Query 3: Insert at Scale
Insert 1,000 new users with 5 orders each.
PostgreSQL (Bulk Insert)
tx, _ := db.Begin()
for _, user := range users {
tx.Exec("INSERT INTO users(name, email) VALUES($1, $2)", user.Name, user.Email)
for _, order := range user.Orders {
tx.Exec("INSERT INTO orders(user_id, amount) VALUES($1, $2)", user.ID, order.Amount)
}
}
tx.Commit()
MongoDB (Nested Document)
var docs []interface{}
for _, user := range users {
docs = append(docs, bson.M{
"name": user.Name,
"email": user.Email,
"orders": user.Orders,
})
}
coll.InsertMany(ctx, docs)
Benchmark (Writes at scale)
| Database | P50 Latency | P99 Latency | RPS |
| ---------- | ----------- | ----------- | ----- |
| PostgreSQL | 5.9 ms | 15.2 ms | 2,800 |
| MongoDB | 4.3 ms | 10.1 ms | 3,700 |
Winner: MongoDB Mongo's document model shines with nested data and bulk inserts — far less overhead.
Summary Table — The Real Winner?
| Query Type | Winner | Reason |
| ------------------ | ---------- | ------------------------------------- |
| Read by ID | PostgreSQL | Better index performance |
| Relational Query | PostgreSQL | Natural JOIN support, optimizer usage |
| Bulk Insert | MongoDB | Faster nested writes, lower overhead |
| Aggregations | PostgreSQL | SQL planner beats Mongo's pipeline |
| Schema Flexibility | MongoDB | Dynamic documents = faster iteration |
Lessons We Learned
- If you model your data relationally, don't force it into Mongo.
- MongoDB works best for document-first designs — logs, user activity, cache layers.
- PostgreSQL wins for transactional, normalized, multi-table systems.
- Index tuning made a huge difference on both sides.
Final Thoughts
The winner isn't the database.
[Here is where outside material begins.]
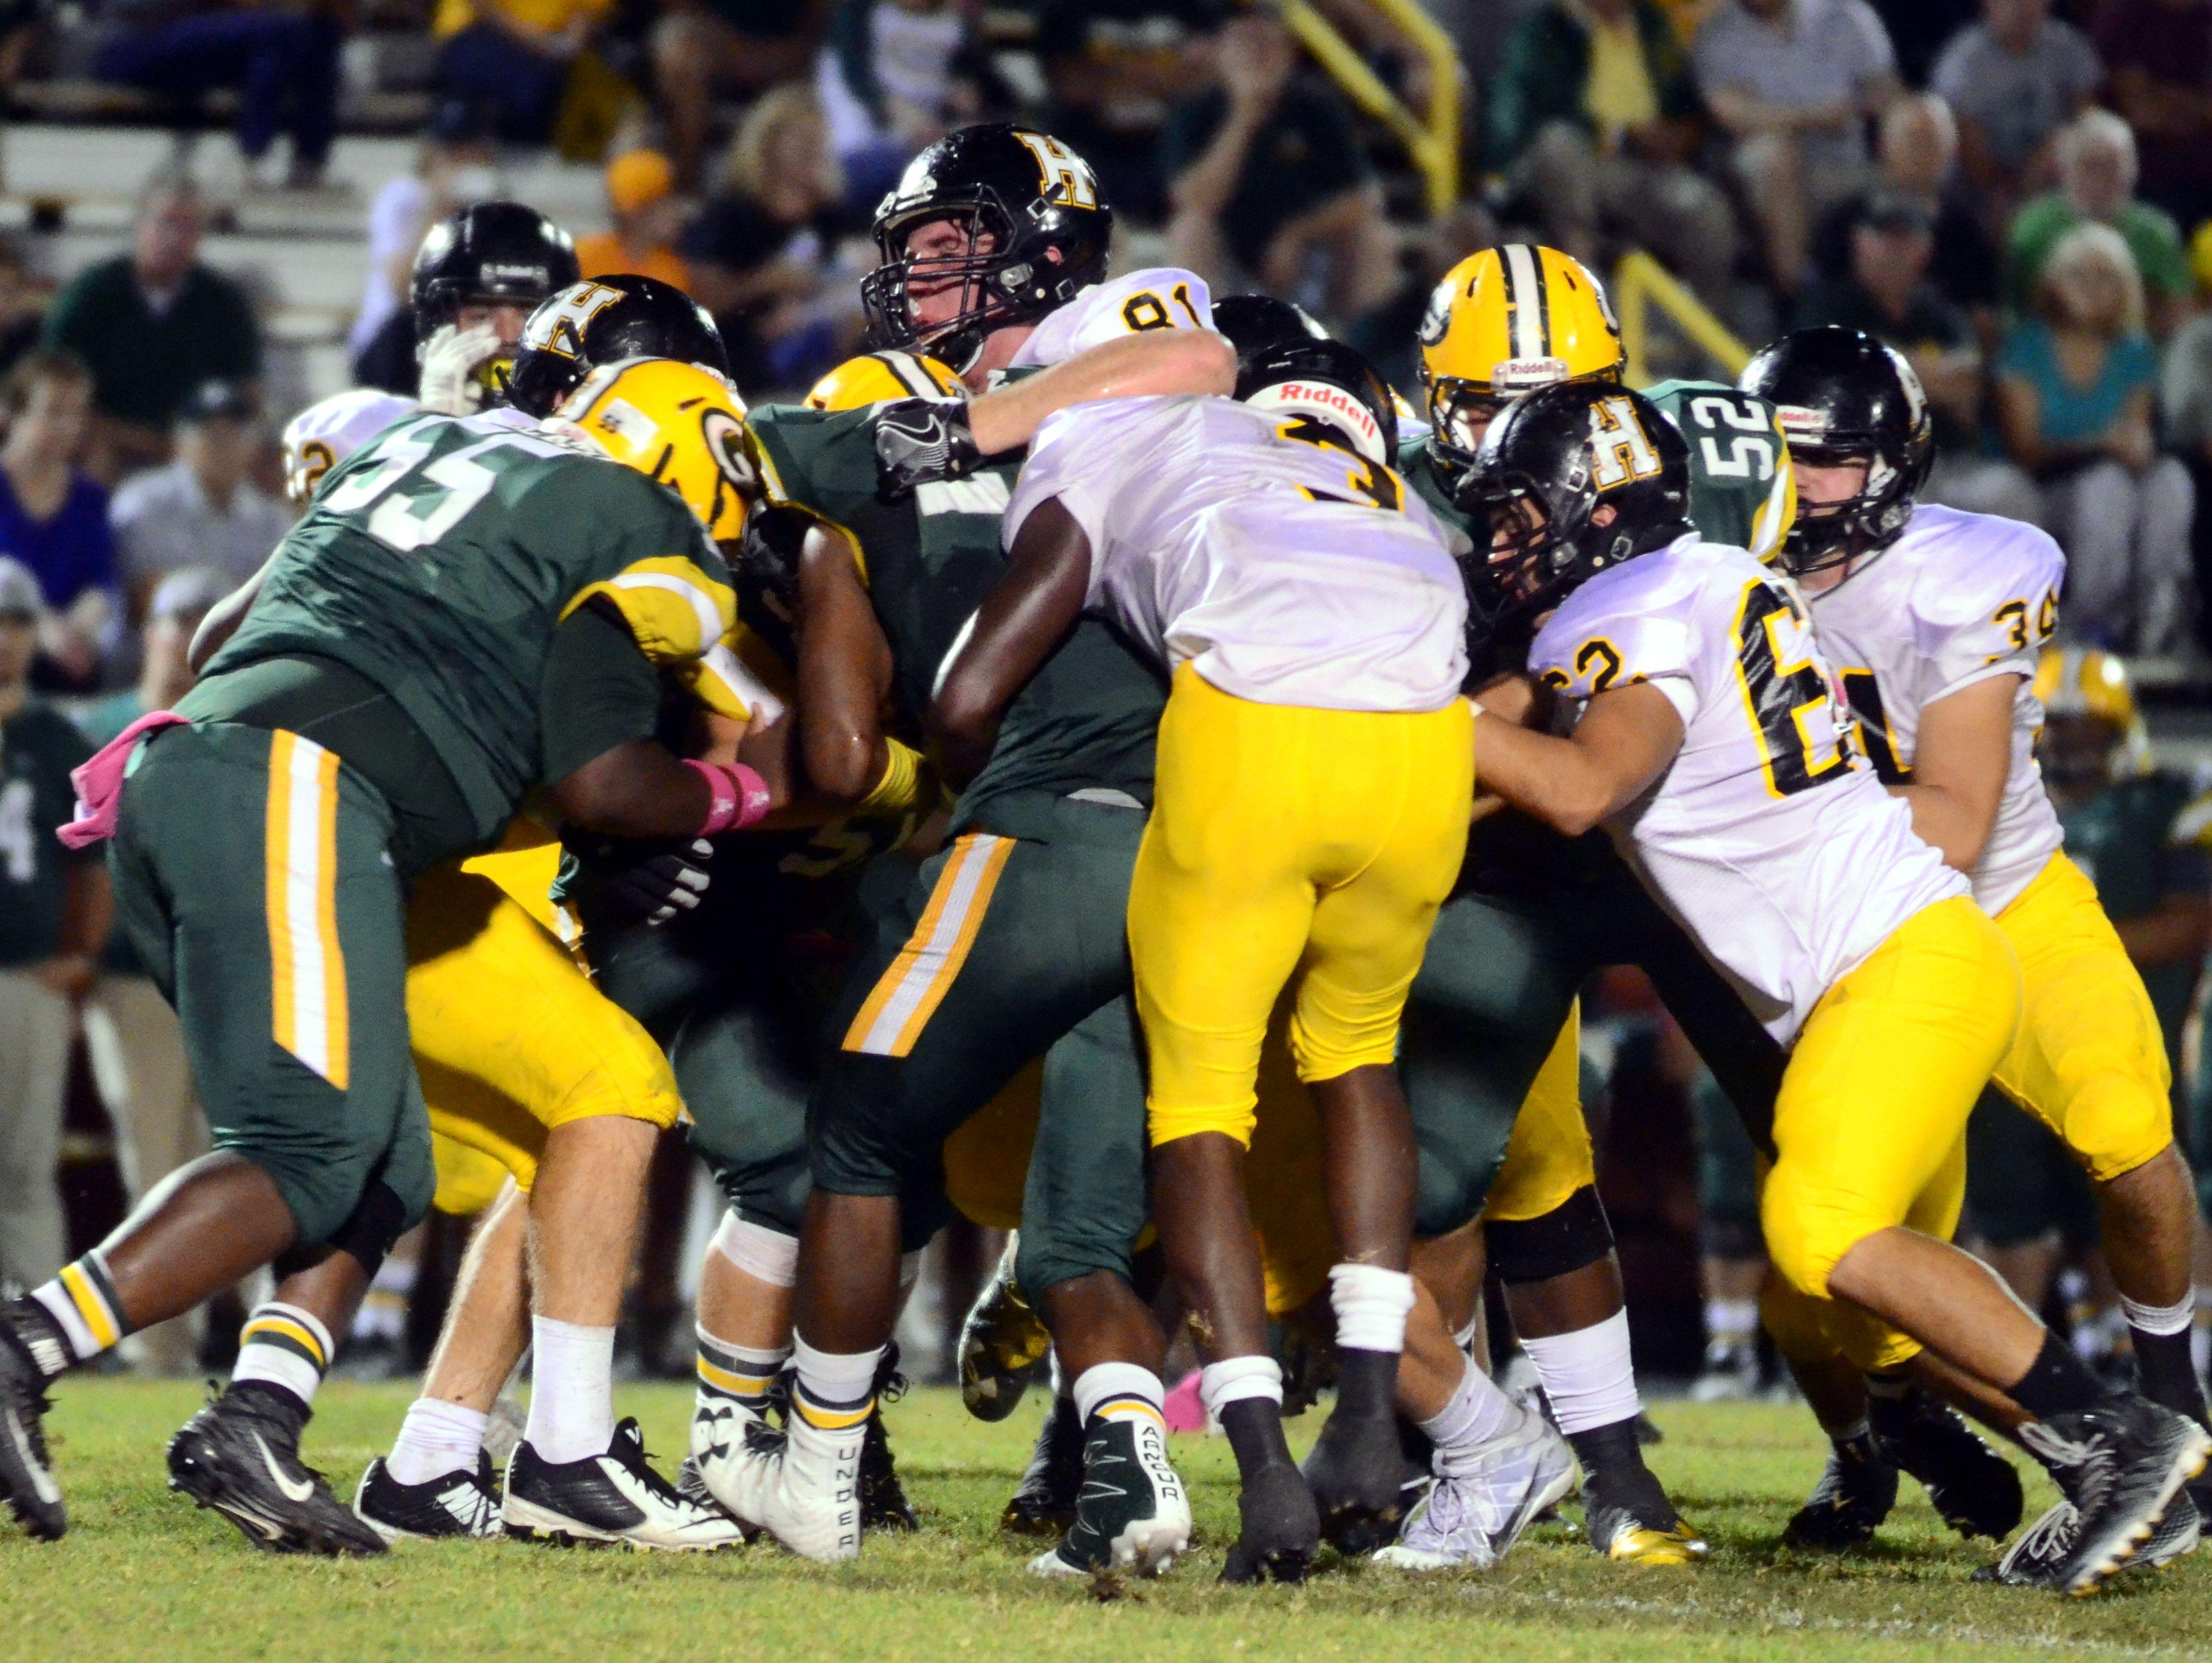 Hendersonville senior Jordan Amis (81) helps push the pile to tackle Gallatin senior Jordan Mason during Friday's game.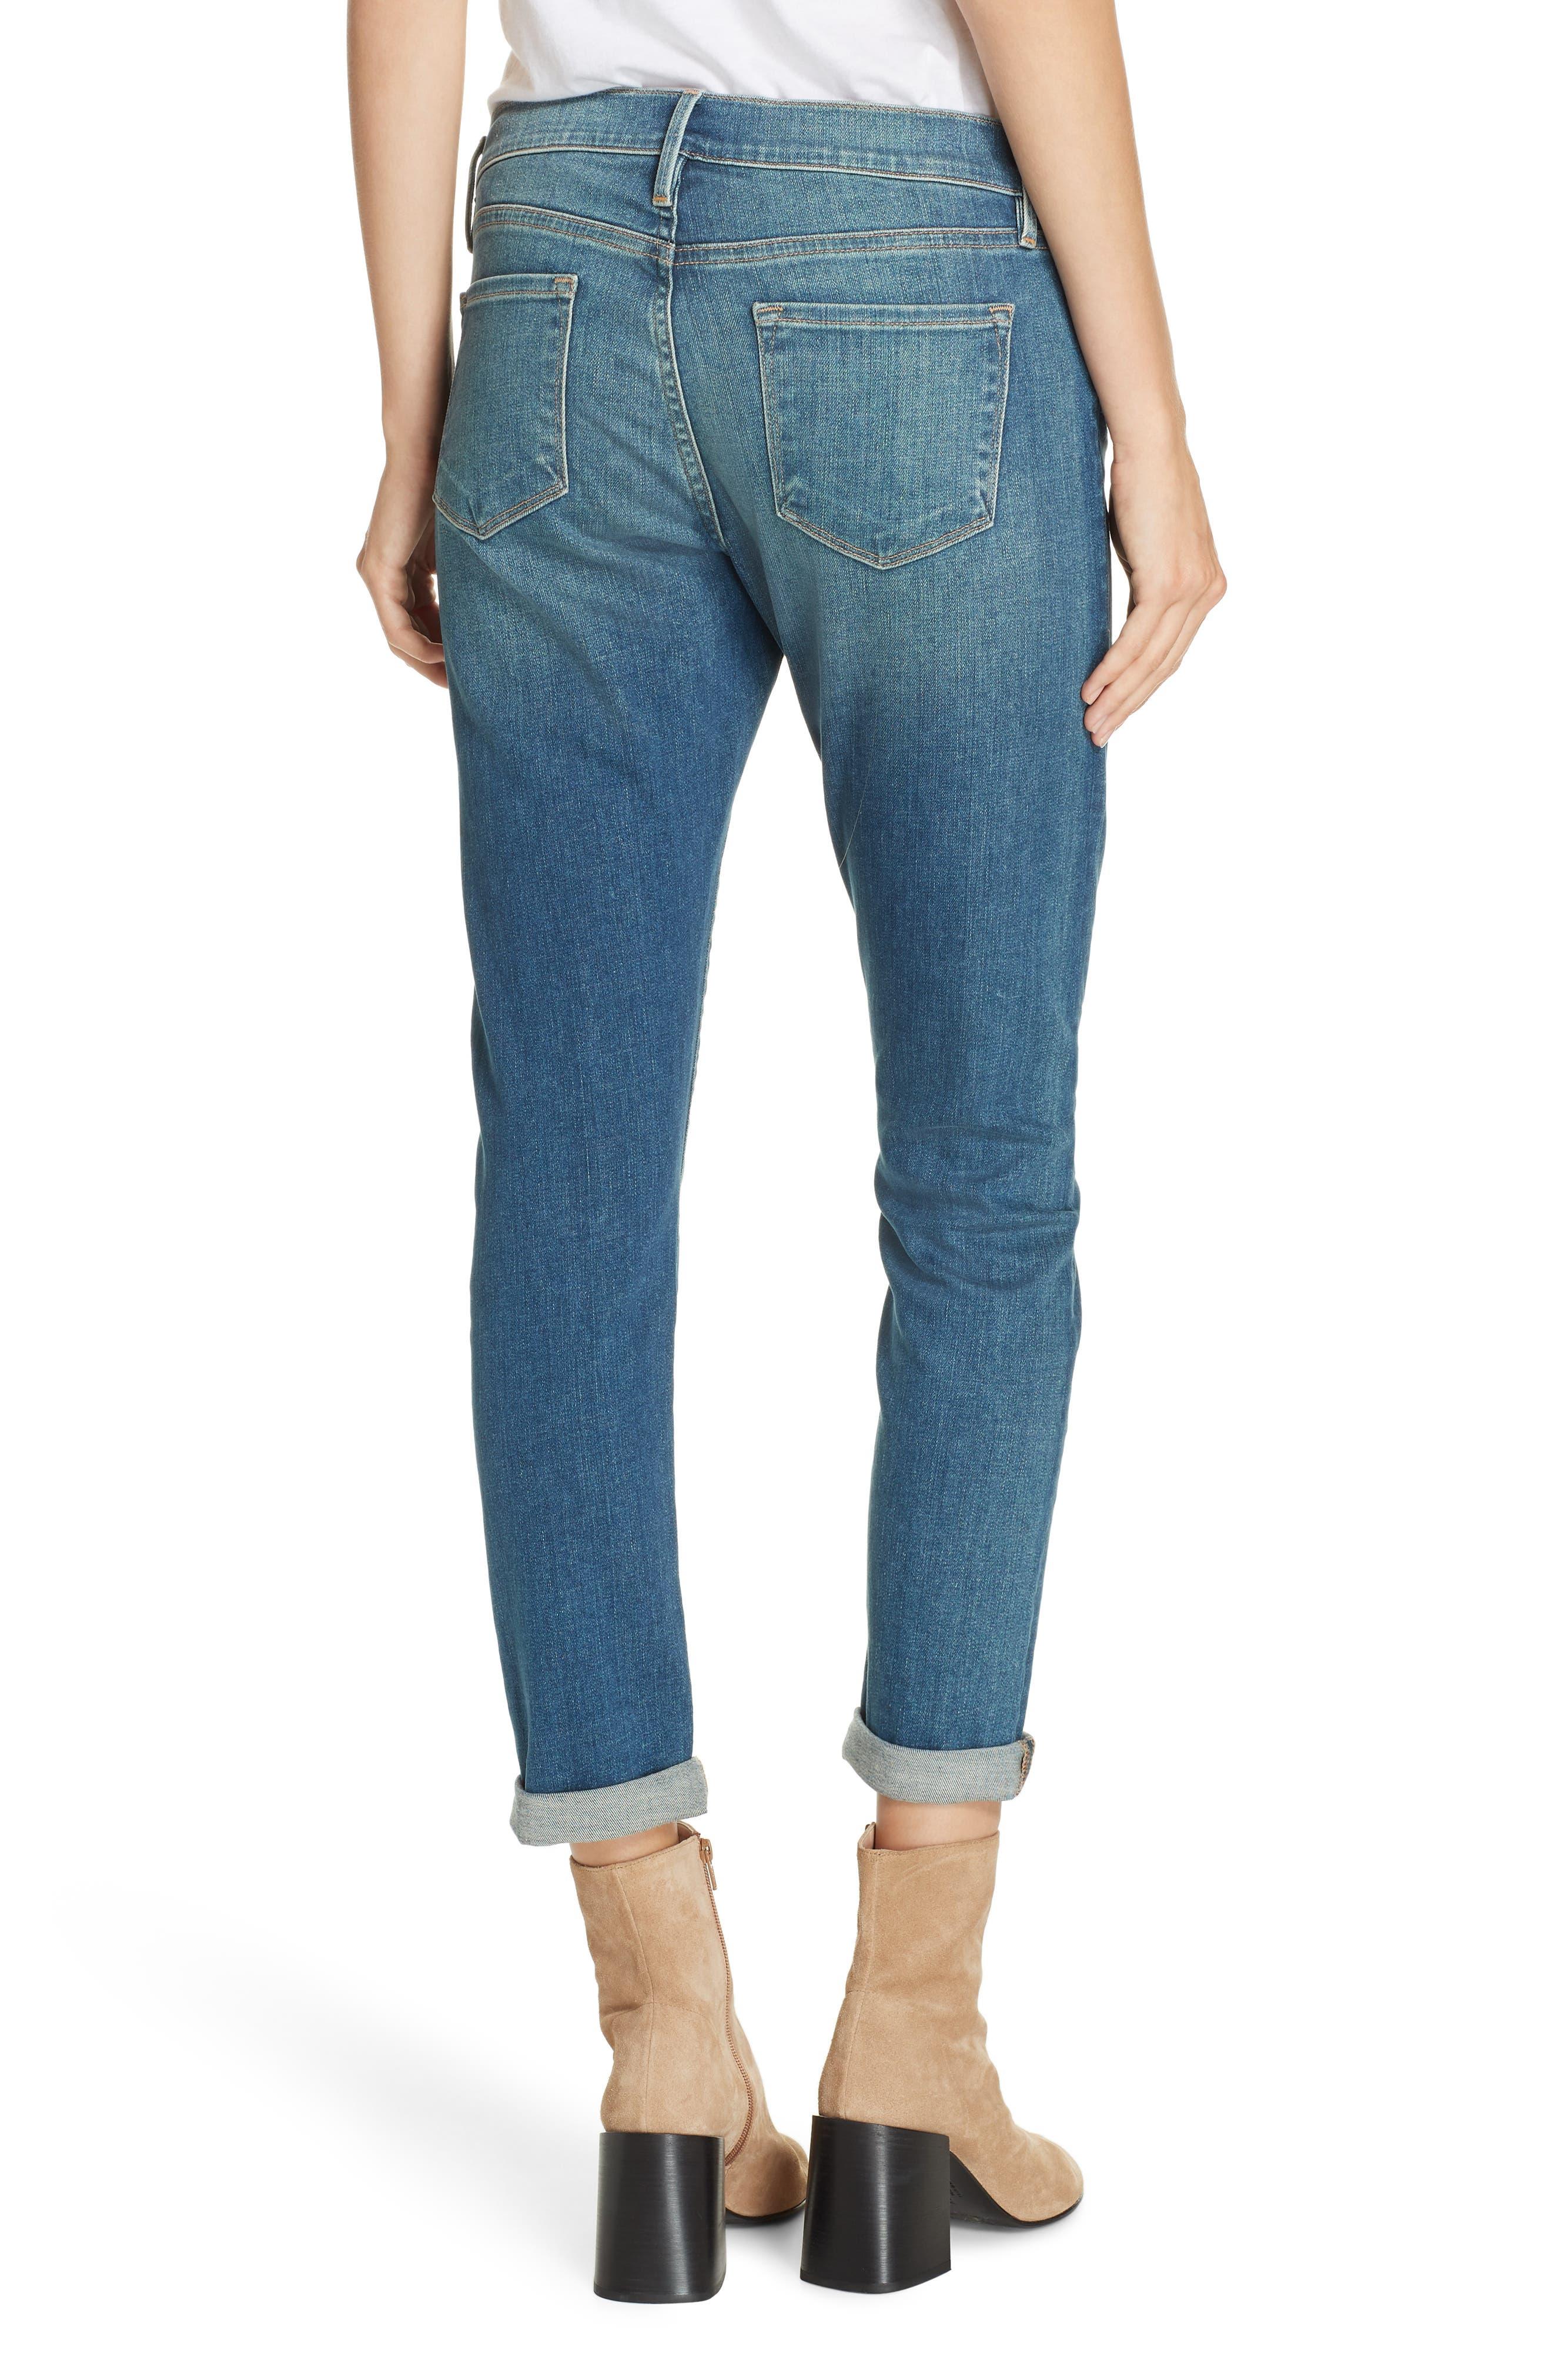 Le Garcon Slim Boyfriend Jeans,                             Alternate thumbnail 2, color,                             BERKLEY SQUARE

It's the model that fits your access pattern.
If you're doing strict transactions, complex joins, or anything financial — go Postgres. If you're logging, caching, or storing flexible blobs — Mongo can be a beast.
We didn't write this to pick a side. We wrote it to show you what the numbers actually say — so you can pick the right one for your system, not your resume.